For starters, the Paris Fashion Week show's theme of Diversity will likely serve as the pinnacle and blueprint for any other high-tier designer stumped on just how to add the right kind of color to their collections. Along with the show notes came a coded map that showed where the models —  predominantly people of color, including celebrity catwalkers Kid Cudi, Dev Hynes, and Playboi Carti — and their parents, came from. And then there was the front row: his longtime mentor and former employer Kanye West (with whom he shared a viral, tearful hug as he took his bow), Kim Kardashian, Kylie Jenner, Rihanna, Bella Hadid, and others. To complete the audience, Abloh invited local design students, wooed by free T-shirts, to help cushion the crowds along his gradient catwalk.

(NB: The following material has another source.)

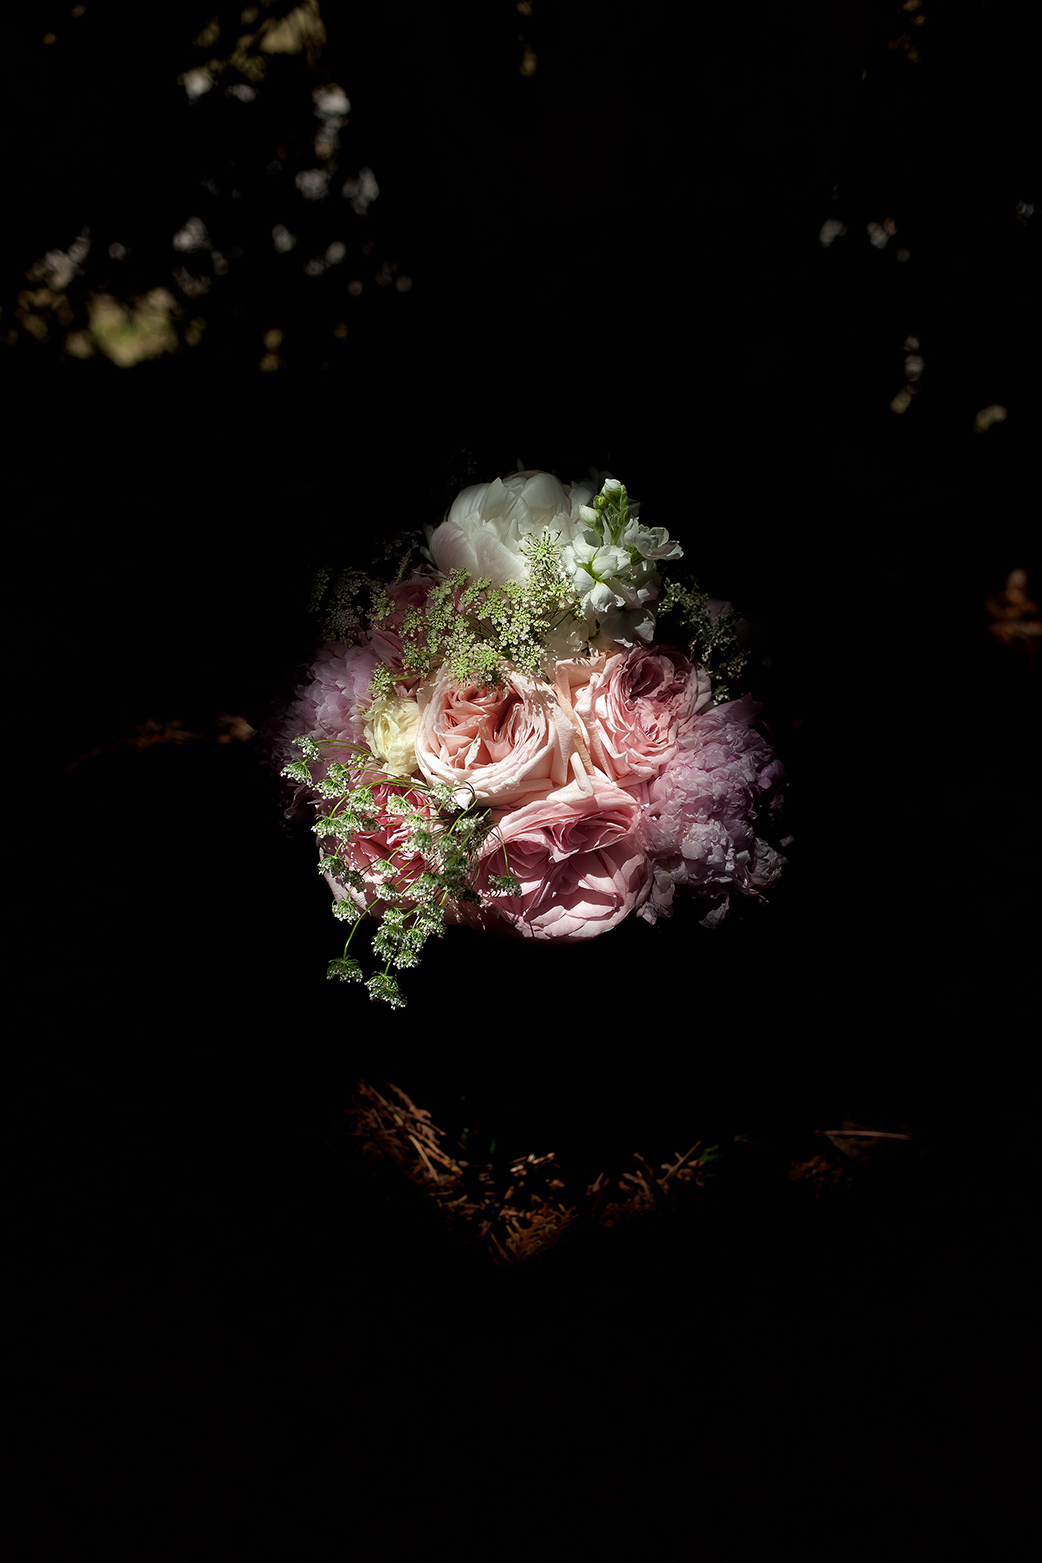 flowers shadow#3(WEB).jpg

But, in terms of what they were all there for — to survey Louis Vuitton's latest coup de foudre since Marc Jacobs — did Abloh's most important collection meet the hype? Yes. Did it surpass expectations, raise any bar, or make us think differently about the menswear market? No. But did it need to? Perhaps it was more utilitarian than ever, with military-grade vests, oversized denim workwear pieces, a long-awaited sneaker arrival and a Yeezy influence throughout. But it was what's to be expected from someone who can credit Instagram for part of his success. Bottom line: He succeeded, while still making a few bomber jackets.
Most of the industry will be split on Abloh's debut: Those who are loyal to Jones — and whose roster of chosen streetwear icons, like Yohji Yamamoto, Helmut Lang, Raf Simons, etc., is already full — will take him to task on what he presented at Paris Fashion Week. But those others, perhaps the younger-generation seat-fillers, will continue to show him unconditional love (with their wallets or their knockoffs). What we know for sure, though, is this: It took Abloh only four years at his label, Off-White, to get to where he is now. While Louis Vuitton's spring 2019 menswear offering may not have said much to its legacy, it does mark a new beginning for the French luxury house. Like his rainbow-colored Place Colette runway, the road ahead is very long.